*** Opening of Data block ***

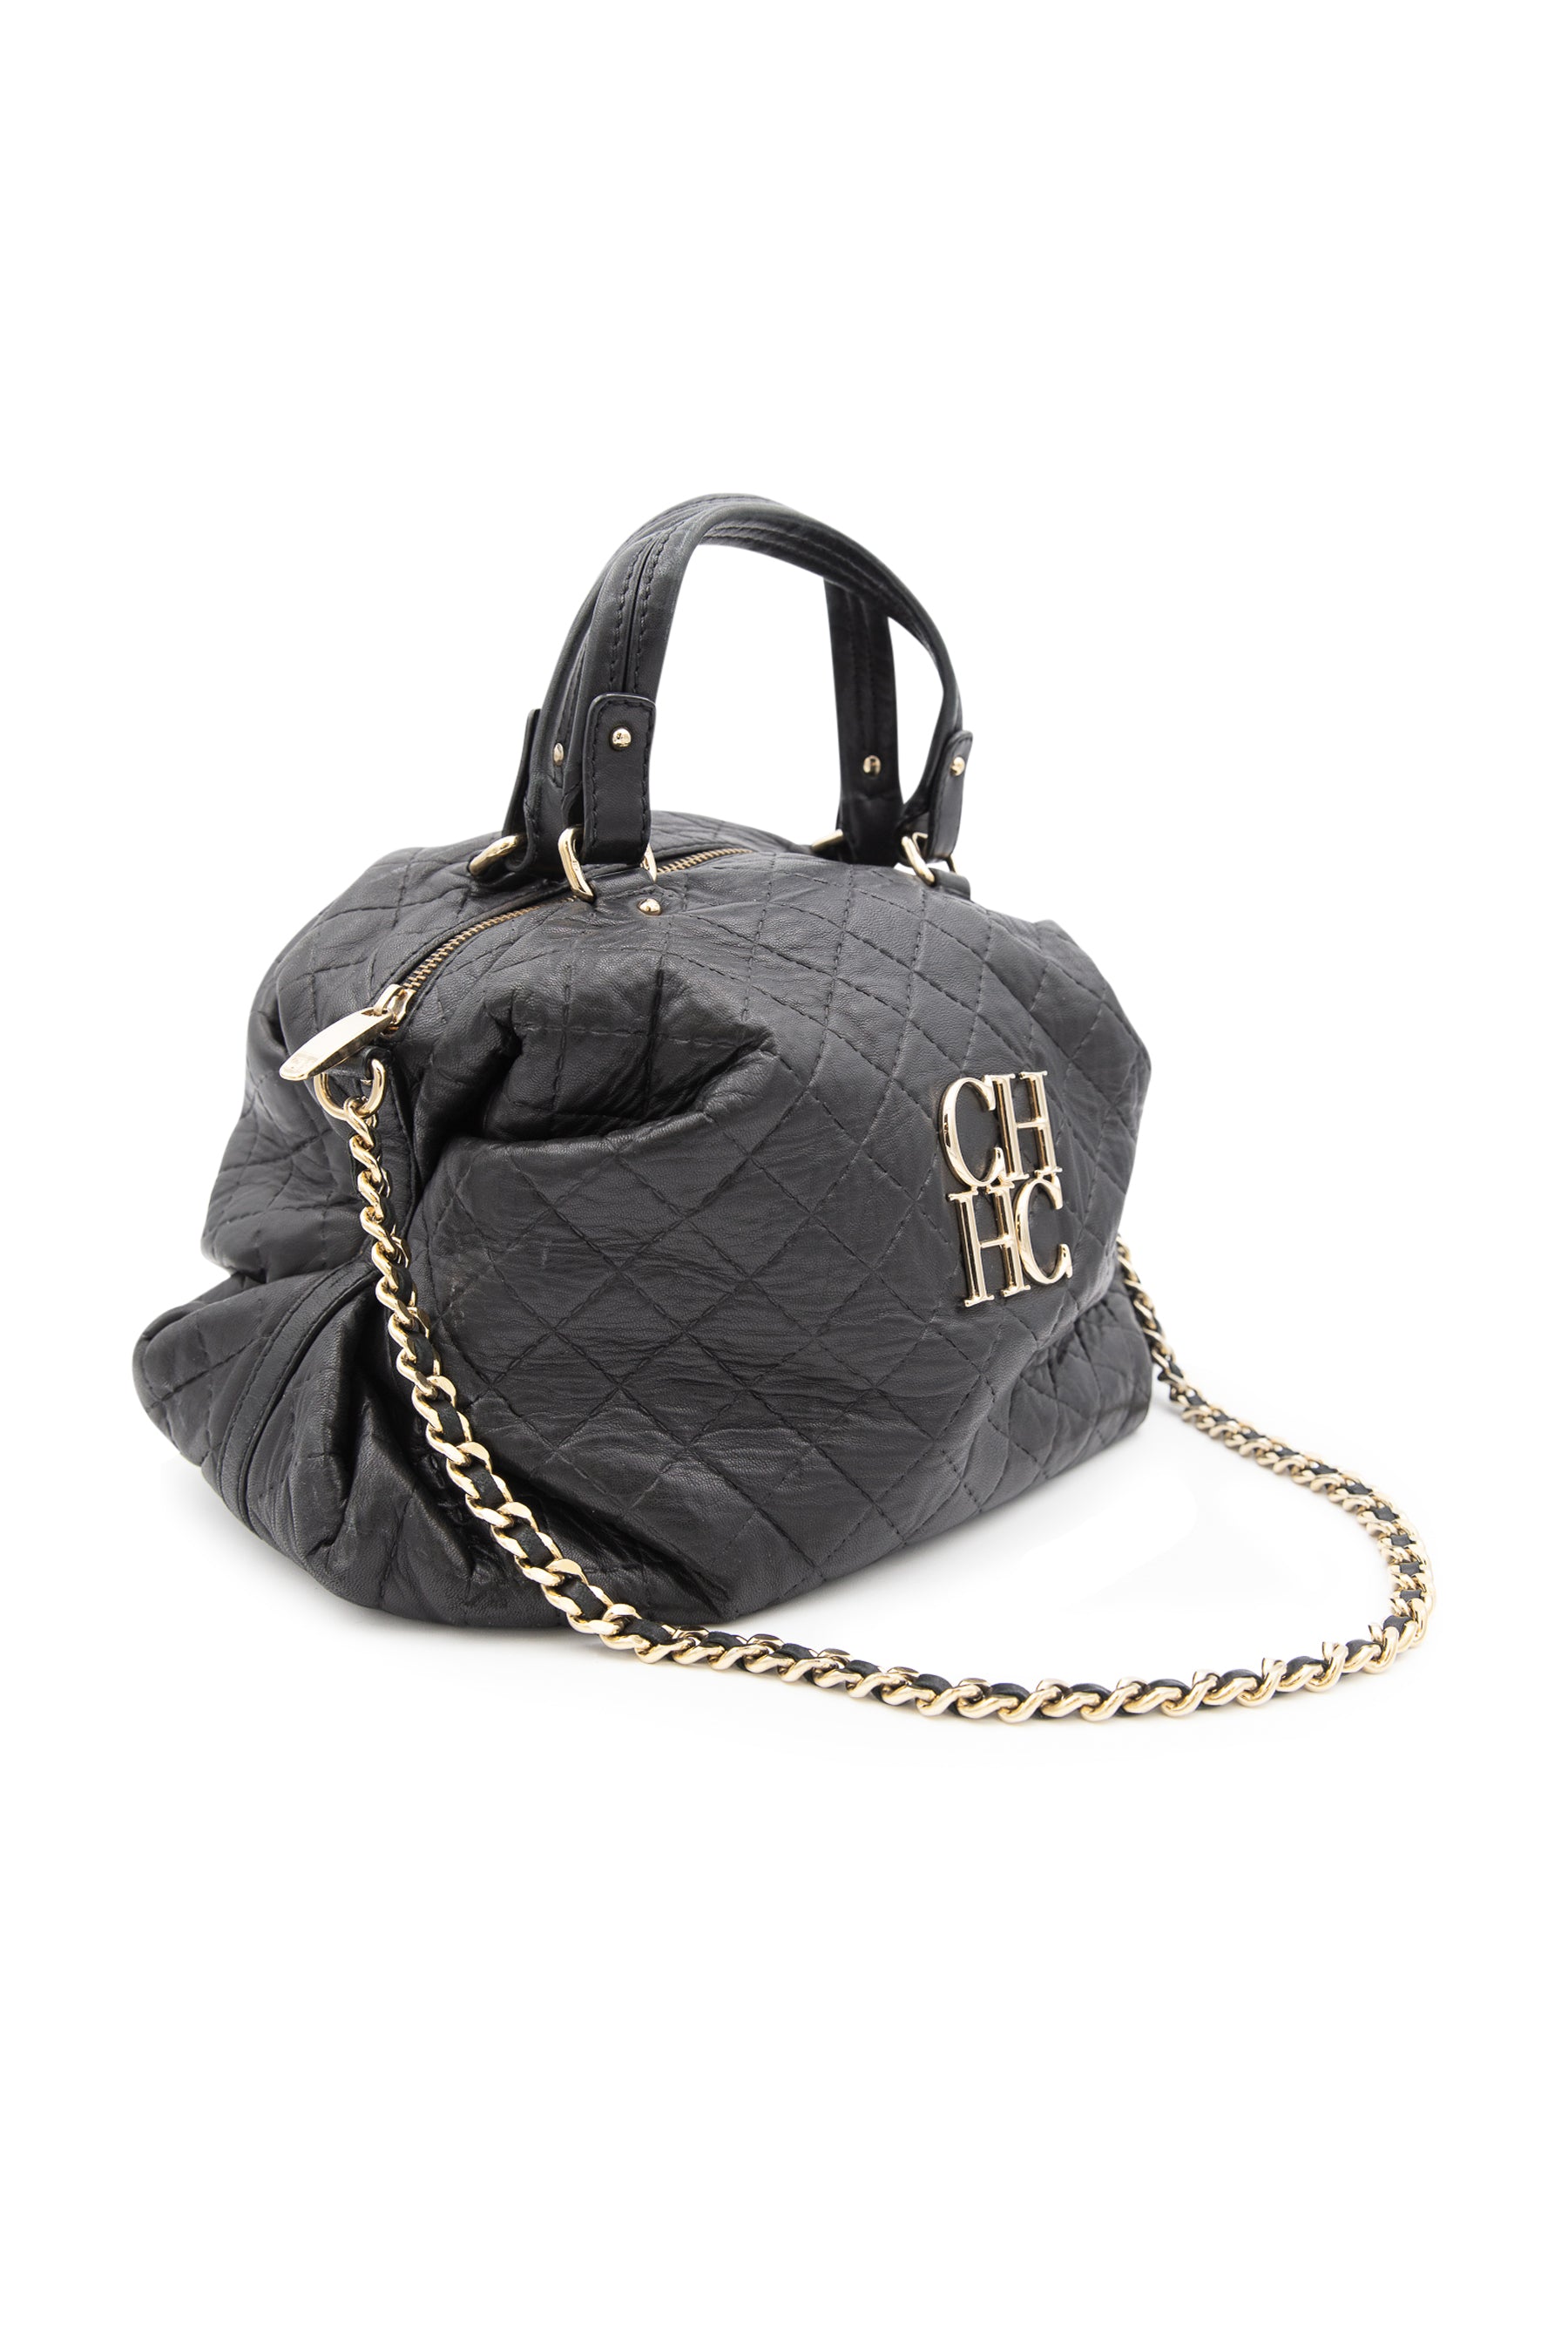 Bag Carolina Herrera Tote Editors Leather Navy Blue Ch 100% Original New
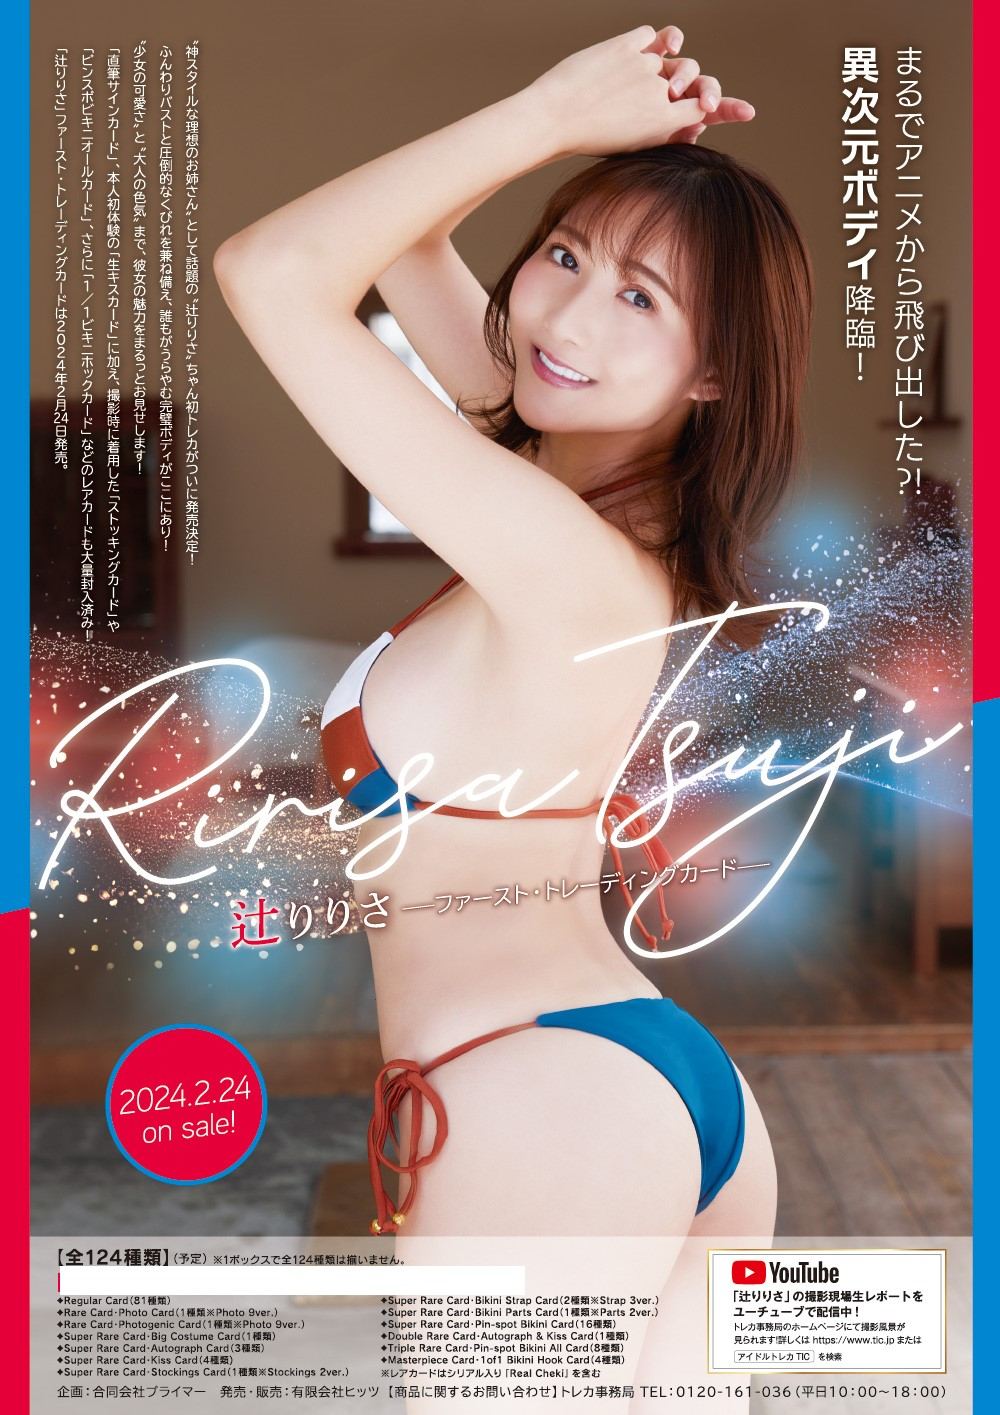 Ririsa Tsuji First Trading Card Hits
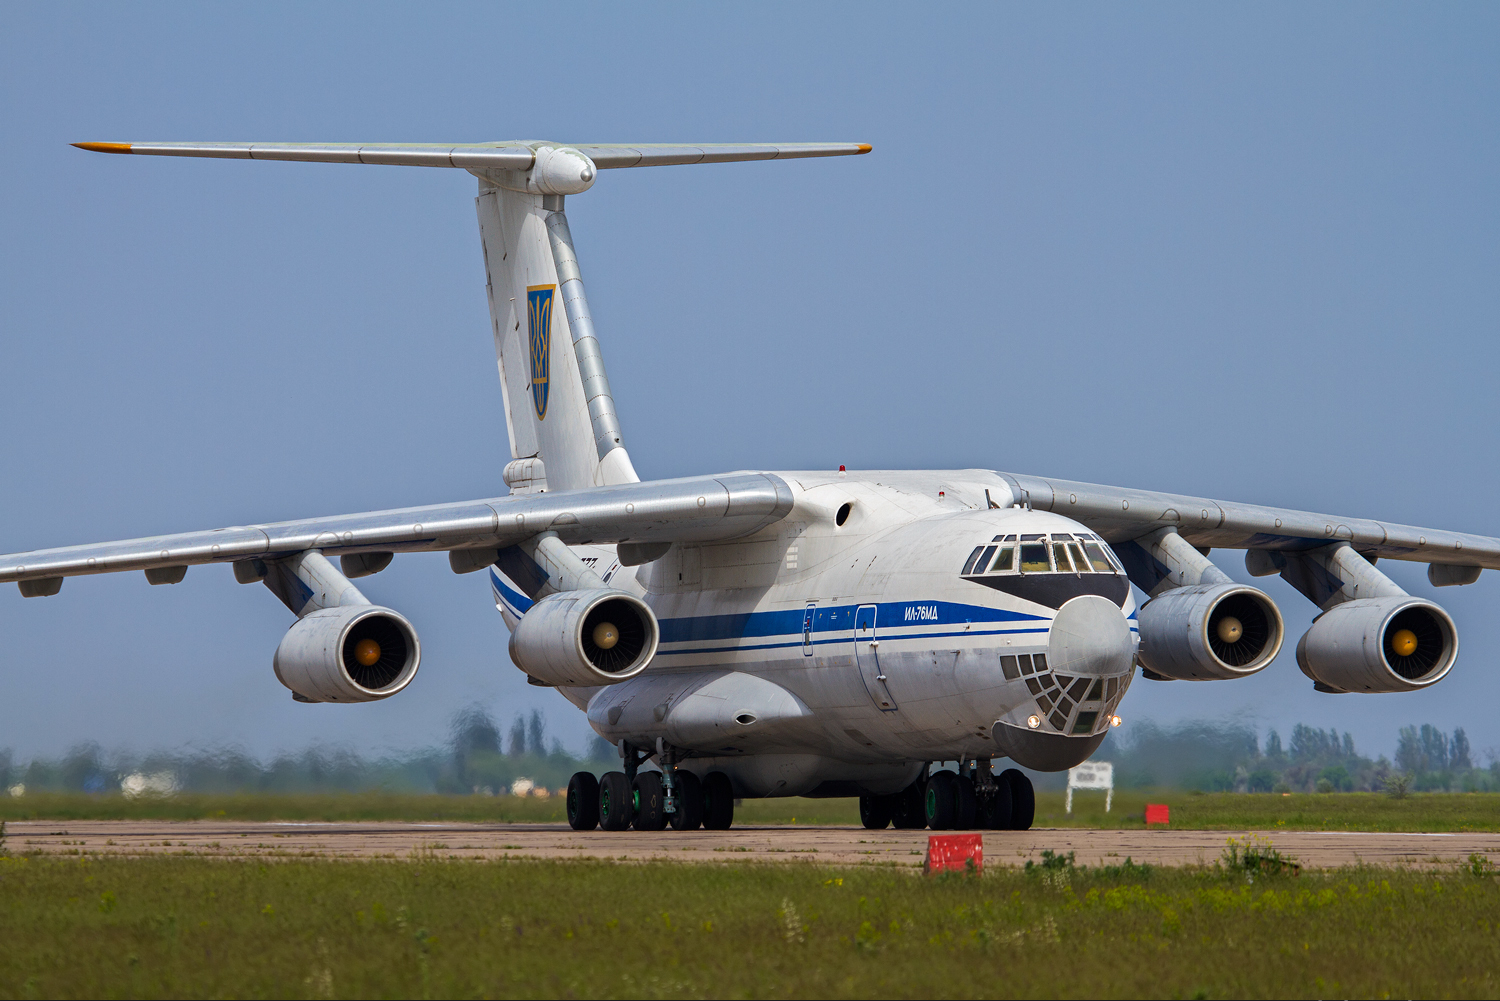 2014 Ukrainian Air Force Il-76 shootdown - Wikipedia

*** Close of Data block ***

# Assigned task
Set down the line containing "Ririsa Tsuji First Trading Card Hits" and every line after it up to the end of the material, exactly as written, but not the pictures.

# Task answer
 Ririsa Tsuji First Trading Card Hits
 2014 Ukrainian Air Force Il-76 shootdown - Wikipedia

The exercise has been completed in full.